March 14: Santa Clara County reported 17 new cases, bringing the total in the county to 91. San Francisco reported five new cases, bringing the total to 28, and issued an order forbidding visitors to hospitals. Two additional cases of coronavirus have been confirmed in Marin County, bringing the total number to five. The two new cases had no known exposure to other cases, and are believed to be a result of community spread — the first in the county. The two people are quarantined at home and will remain in quarantine until they are no longer infected. A U.C. Berkeley graduate student has tested positive for the novel coronavirus. The student doesn't live on campus or in the city of Berkeley; they have self-isolated at home and the person is in good condition with no serious symptoms.
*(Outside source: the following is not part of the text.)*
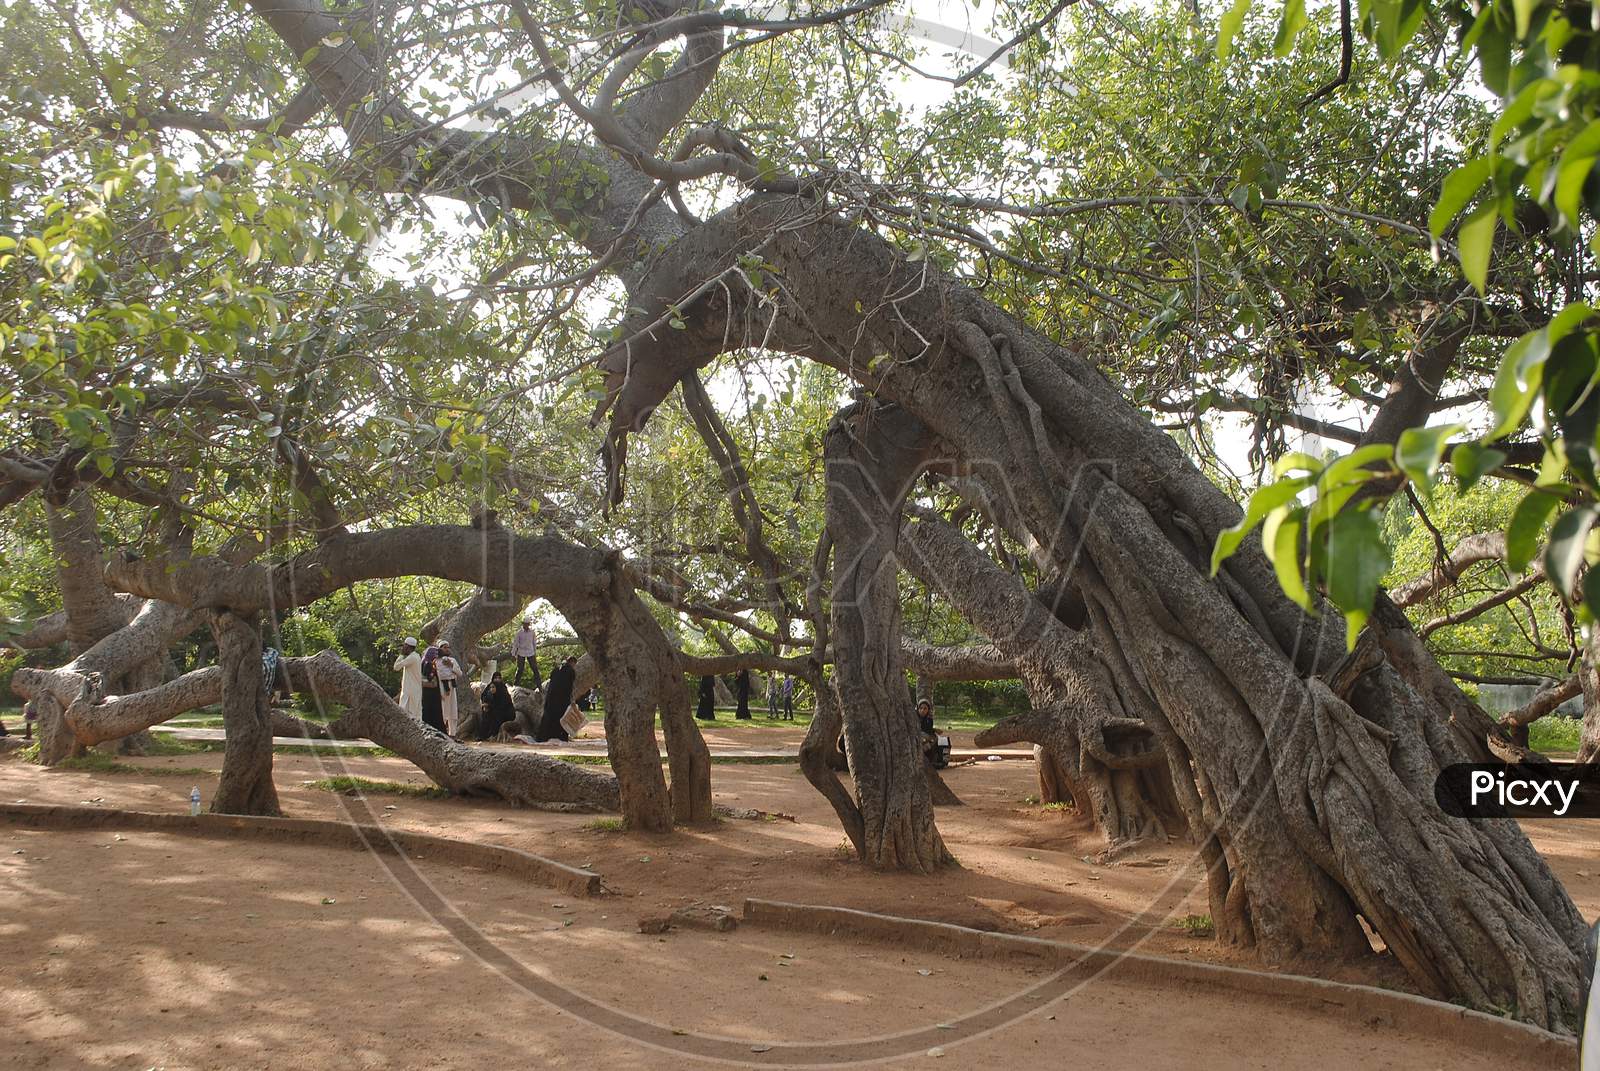 Pillalamarri Banyan tree

San Luis Obispo County has confirmed its first coronavirus case a day after the county has both declared a public health emergency and closed down its schools. The patient is from North County (Atascadero, Templeton, and Paso Robles) and is currently recovering in isolation. Sonoma County reported its first case of community spread virus, bringing their total cases to three.

March 15: San Francisco reported 9 new cases, bringing their total to 37. Two health workers at UC San Francisco have tested positive for the coronavirus; they have been self-quarantined. San Mateo County reported its first coronavirus related death; the total number of confirmed cases in the county is 32. Santa Clara County reported 23 new cases, bringing the total in the county to 114. Santa Barbara and San Bernardino Counties reported their first confirmed cases.

San Luis Obispo County has received their second confirmed case after the County Public Health Laboratory conducted over 100 tests for COVID-19 last week. The patient is currently in isolation at home. Los Angeles County reported sixteen new cases, bringing their total to 69. San Diego County updated their total to 33 cases.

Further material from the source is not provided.